Старик решил, что на уток. Но охота наша теперь, когда Старик всё-таки собирается прошвырнуться, больше напоминает прогулку, развлечение. А раньше это был трудный промысел...
Старик этого, кажется, не очень понимает, и по-прежнему стреляет по уткам всерьёз, чуть только увидит какой-нибудь ненароком испуганный косяк, и всё промахивается.
Теперь мы натыкаемся на уток скорее случайно. Раньше я вынюхивал их – и уток, и зайцев, и тетеревов, но нюх мой давно уже ослаб, и я почти ничего не чувствую, кроме жгучего пороха, которым и теперь ещё пахнут патронташ и руки Старика.
Виноват, патронташ я посеял ещё прошлой зимой. То ли сил моих больше не стало по сугробам карабкаться, то ли челюсть моя от старости ослабла, да только вывалился он где-то – и ищи теперь его...
Старик лениво покричал на меня, чего с ним почти никогда не бывало, и стал носить патроны в кармане своего бушлата. Да только, как я уже сказал, всё больше промахивался, и в конце концов из охотников переделался в грибники. Надо думать, так-то оно лучше. Только я ему стал уже без надобности.

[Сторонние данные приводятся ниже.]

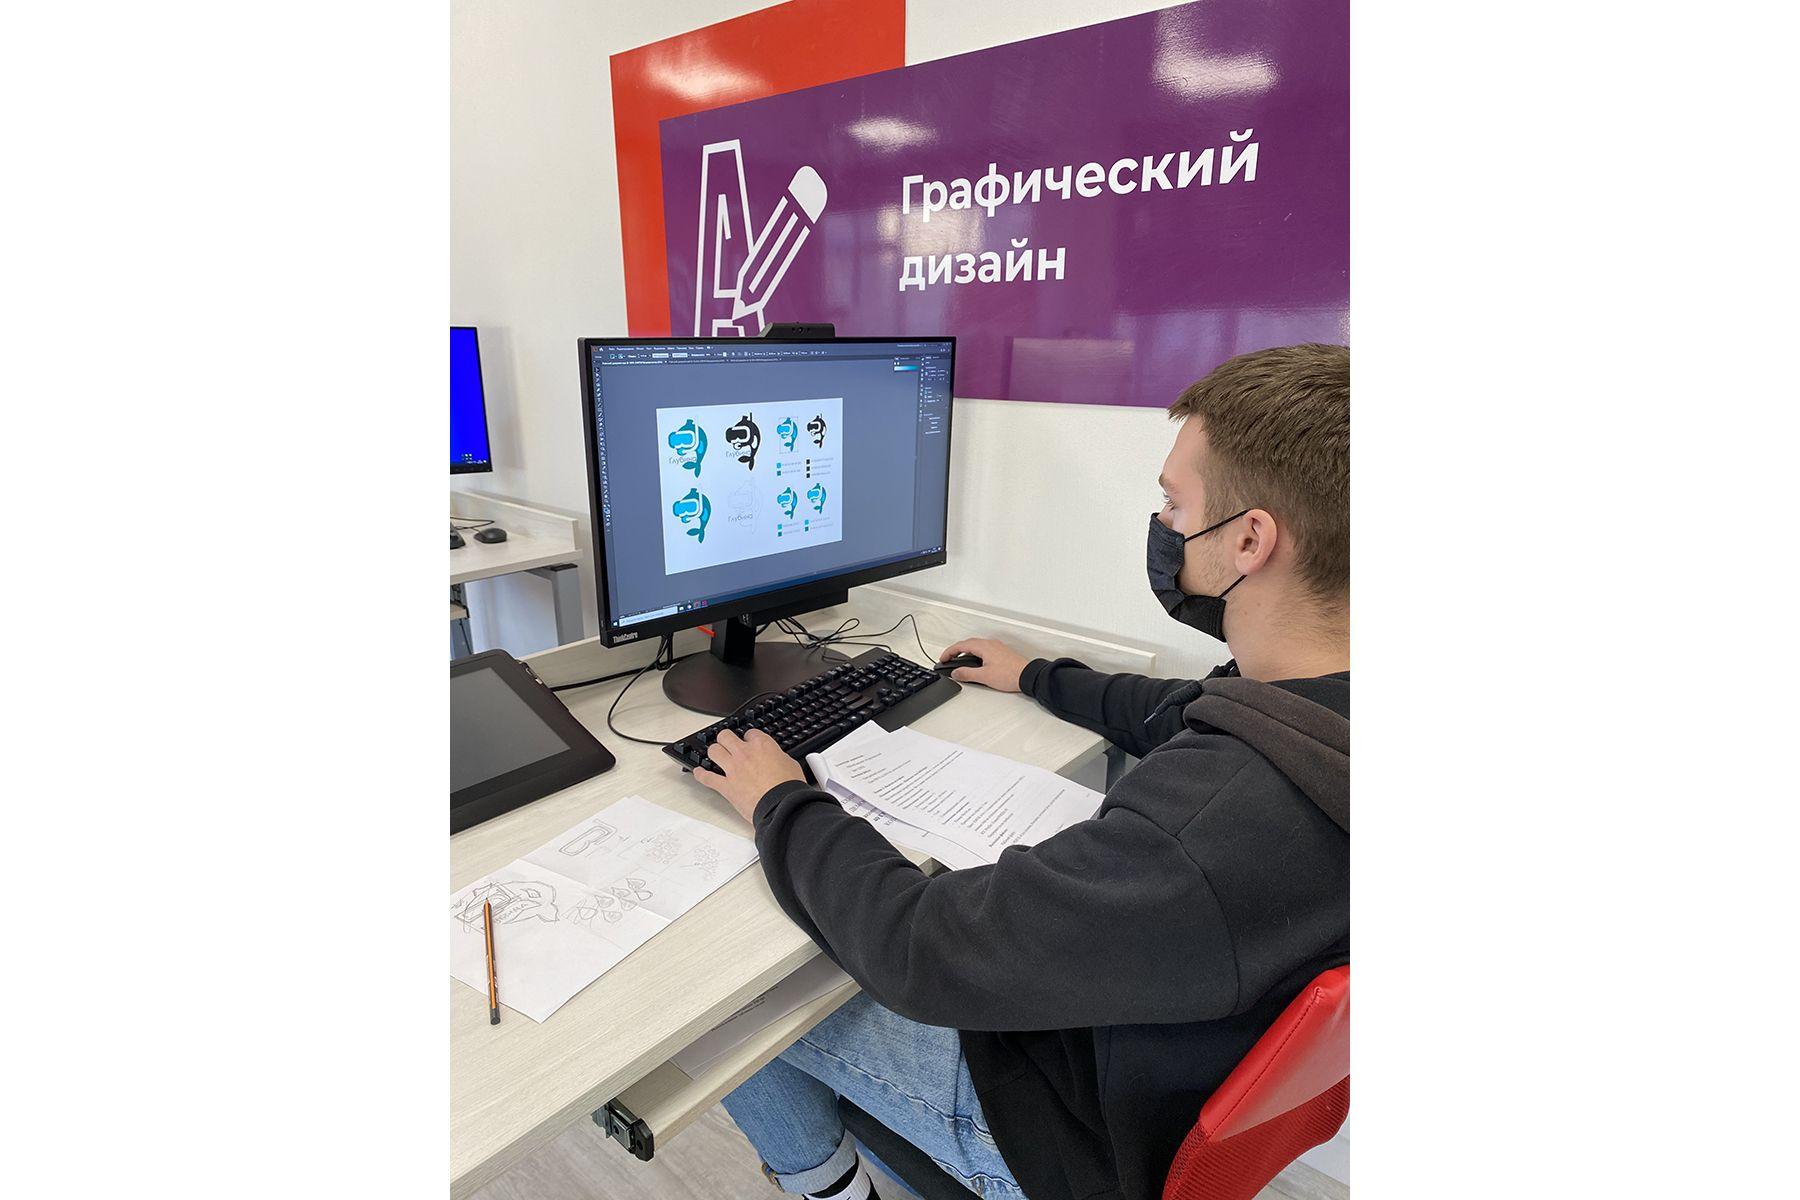 От подводных экспедиций до кинофестиваля: студенты ВГУЭС успешно сдали демонстрационный экзамен по стандартам WorldSkills по компетенции «Графический дизайн»

Но незадолго перед этим как-то раз у него из-под ног, из какой-то норы под дубовым корневищем, сиганул заяц – настоящий заяц-русак, с длиннющими такими ушами!
Старик начал стрелять, да куда уж ему – зайца и след простыл. Почему-то я даже порадовался за шустряка – живи, мол, чего бы тебе не пожить? Так ведь оно, если подумать – зачем нам гнаться за ними? Зачем отец мой и дед гонялись? Никакой ясности, глупое и бестолковое дело...
Но, как бы там ни было, никогда не представлял я для себя иной жизни. В городе-то, говорят, собак на тротуарах и в парках выгуливают, а то и вовсе устраивают какие-то показы – проводят их по ковру, «недели собачьей моды» это называется, бог весть что, как по мне.
Знали бы отец мой и дед! Посмеялись бы вдоволь. Они бы сказали: «Собачье дело – грызть, хватать, брать след, а не шутки шутить». Или как-то так, в точности не скажу. Не помню...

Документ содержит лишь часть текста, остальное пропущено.